Shirer pulls four points from the story of the missing ax head from 2 Kings 6:1-7 and relates them to our lives.
1) Despite the lost ax head, the presence of God was still near.
2) The servant was doing something good when he lost his cutting edge.
3) The ax was borrowed.
4) Only a work of God could retrieve the ax head.
Which of these points made you think or made you nod in agreement? Number one hit me hard. In this season of physical and emotional pain, there have been times when I thought God stepped aside to allow Satan to do his thing.
“It mattered that God’s presence and the man’s loss occurred within close proximity to the other. Satan would like to convince you that your lack of passion is an indication that God was either never there at all or has gotten disgusted with you.” (Shirer 32)
For years I’ve watched the events of my life in somewhat disbelief. At times I allowed them to come between me and my God rather than constantly looking at them through the lens of the Bible. The truth is He is using them to purify my faith, He will work all things for good because I love Him, and God is always with me and will never forsake me. Moses tells Joshua in Deuteronomy 31:6, ”Be strong and courageous. Do not be afraid or terrified because of them, for the Lord your God goes with you; he will never leave you nor forsake you.” (NIV)
Friends, remember that we don’t need to dwell in the places of trials, hardships, even unbelief. But they are good to exam for a time to consider how we can maneuver this life more successfully.
Shirer goes on to share many verses we can include in our prayer for passion.
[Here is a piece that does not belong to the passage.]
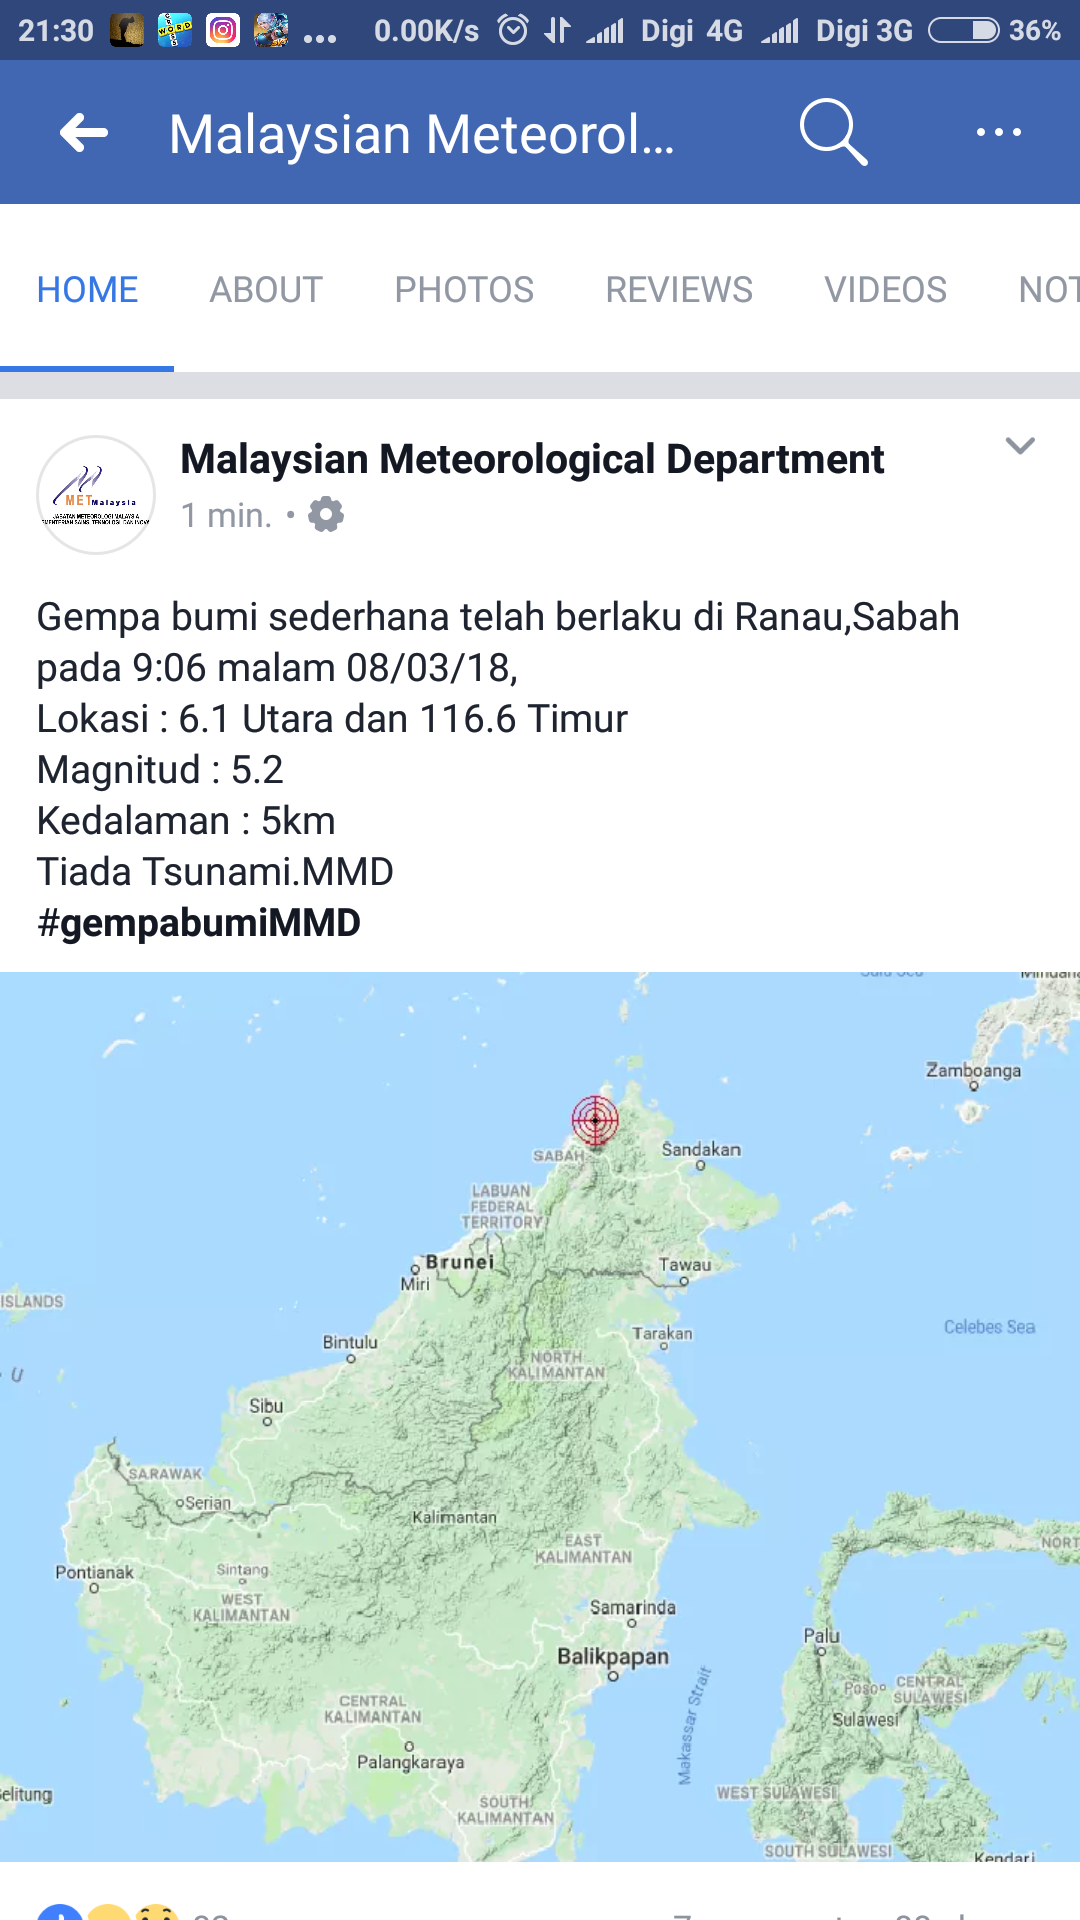 Gegaran Gempa Bumi KK, Sabah 8 Mac 2018
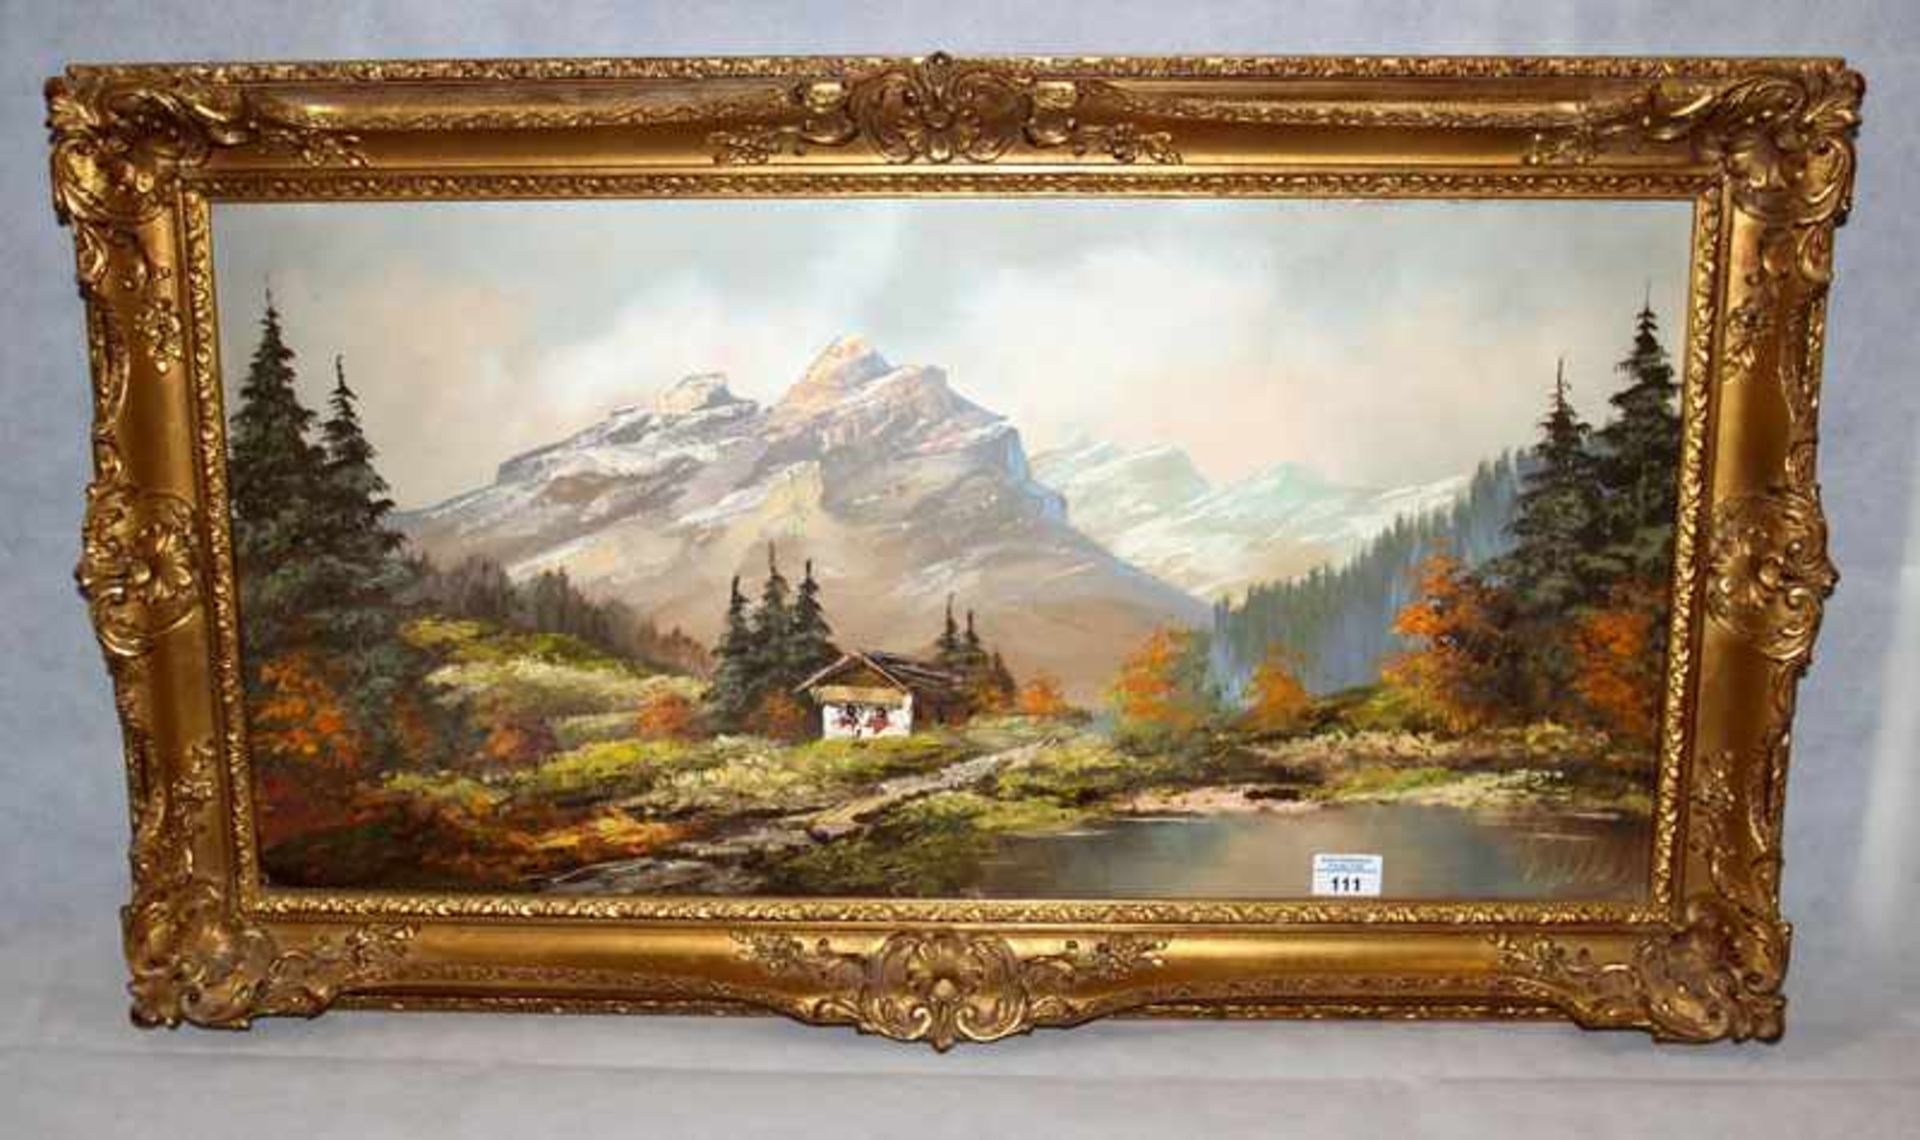 Gemälde ÖL/LW 'Bauernhof im Hochgebirge', undeutlich signiert, gerahmt, incl. Rahmen 54 cm x 95 cm

Which did you incorporate into your prayer? My husband laughed when I sang Psalm 51:10, but that was one of the first verses I memorized as a teen. During this season of my life, it’s a verse I want to claim daily.
On page 38, Priscilla quotes Hosea 6:3 ~ “He will come to us like the rain, like the spring rain watering the earth.”
“How does a person receive rain? Not by prying it loose from the sky but just by watching it fall, by standing in the downpour, by thanking him for opening the floodgates and sending what he knows we need and can’t get for ourselves, yet what he is so faithfully, regularly, and graciously gives.” (Shirer 38)
We have a job to do, my friend. We need to carve out the time, make the investment of our attention to prayer, and then be ready to receive all our Lord has to shower upon us. I don’t know about you, but I’m ready for a downpour. I am ready to dance in the rain and I’m willing to invest the time and effort on my part so I can.
Discussion questions:
Do you realize that Satan not only wants to destroy you but he knows where to hit you? Where is it that he seems to hit you the hardest?
Which of the four points from the ax head example made you think or make you nod in agreement?
Which verses from the end of Strategy 1 did you incorporate into your prayer?
All quotes not from the Bible are taken from:
Shirer, Priscilla. “Fervent.” B & H Publishing Group, 2015.